I was reading about the gamblers ruin problem here, and they approach it with a difference equation.
The issue is that when I plug $p=\frac 1 2$, I get that the probability that the gambler will ever reach his goal becomes zero which is clearly not true.
Here is how I'm getting that:
The gambler starts with $a$ dollars and aims to get to $c$ dollars. He tosses a coin that has a probability $p$ of heads until he reaches either $c$ or $0$. The difference equation is given by:
$$s_c(a) = p s_c(a+1)+ (1-p)s_c(a-1)$$
Then, assuming $s_c(a) = z^n$ we get the characteristic polynomial:
$$pz^2-z+(1-p) = 0$$
We get the two solutions: $z = 1$, $z=\frac 1 p -1$.
So the general solution becomes:
$$s_c(a) = c_1 + c_2\left(\frac 1 p – 1\right)^a$$
Then we plug in the boundary conditions, one of which is $s_c(0)=0$.

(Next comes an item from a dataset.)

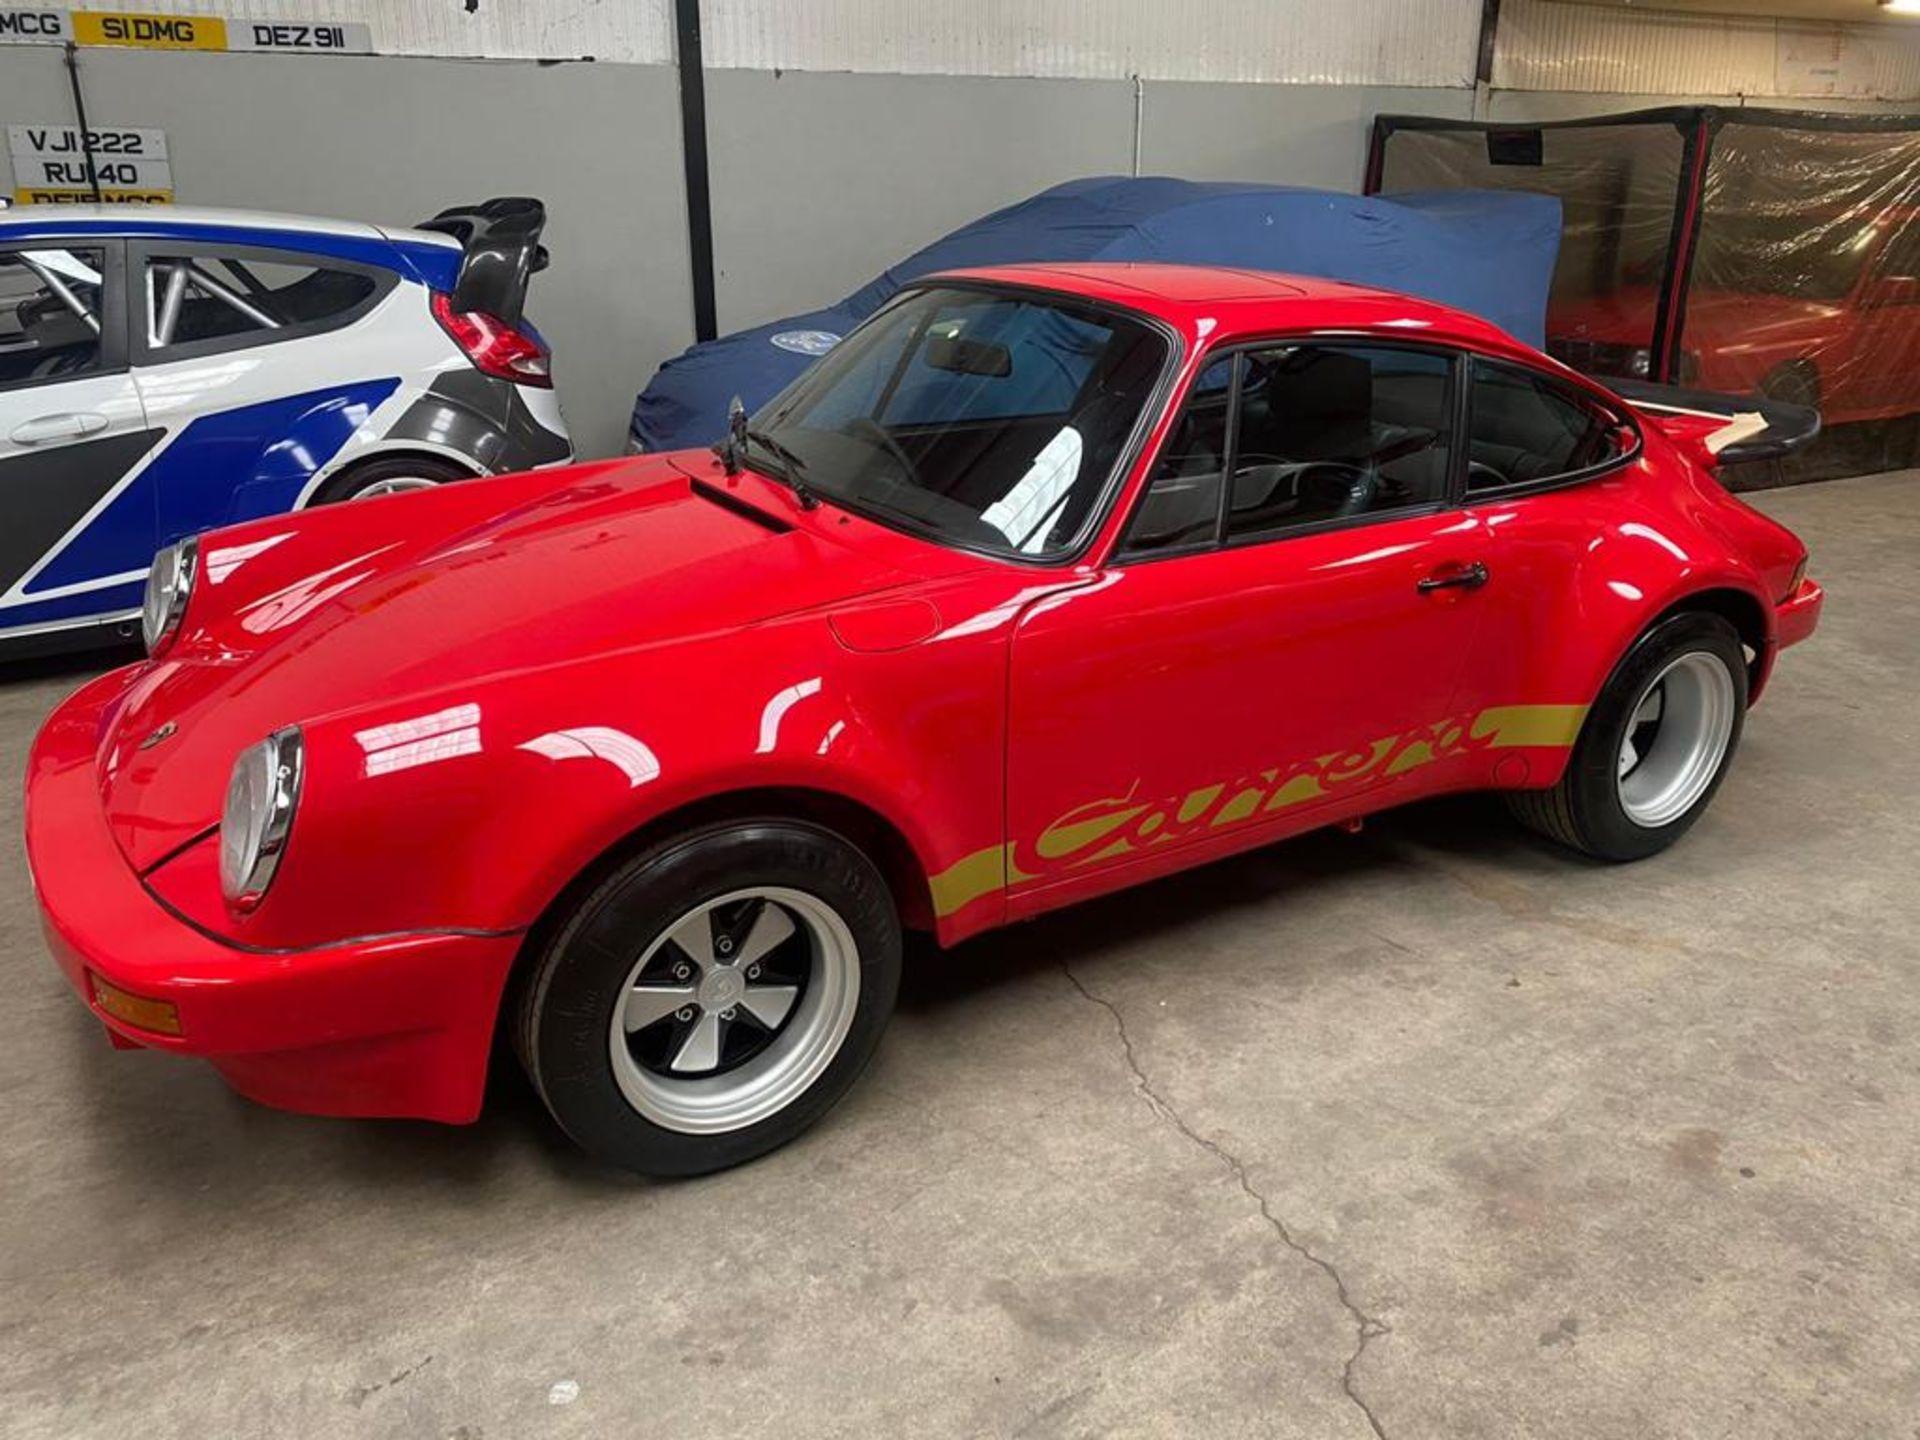 1980 Porsche 911 sc sport but has been fully rebuilt to be identical to a 1974 911 rsr *NO VAT*

Now here is where things get weird. If we plug $p =\frac 1 2$, the equation becomes:
$$s_c(a) = c_1$$
And since we know $s_c(0)=0$, this means $c_1 = 0$. So this implies that for $p=\frac 1 2$, $s_c(a)=0$. But this is obviously not true. What am I missing here?
Best Answer
What you are missing is that if $p=\frac{1}{2}$, then the two roots of the characteristic polynomial coincide. The general solution becomes $$s_c(n)=c_11^n + c_2n1^n=c_1+nc_2$$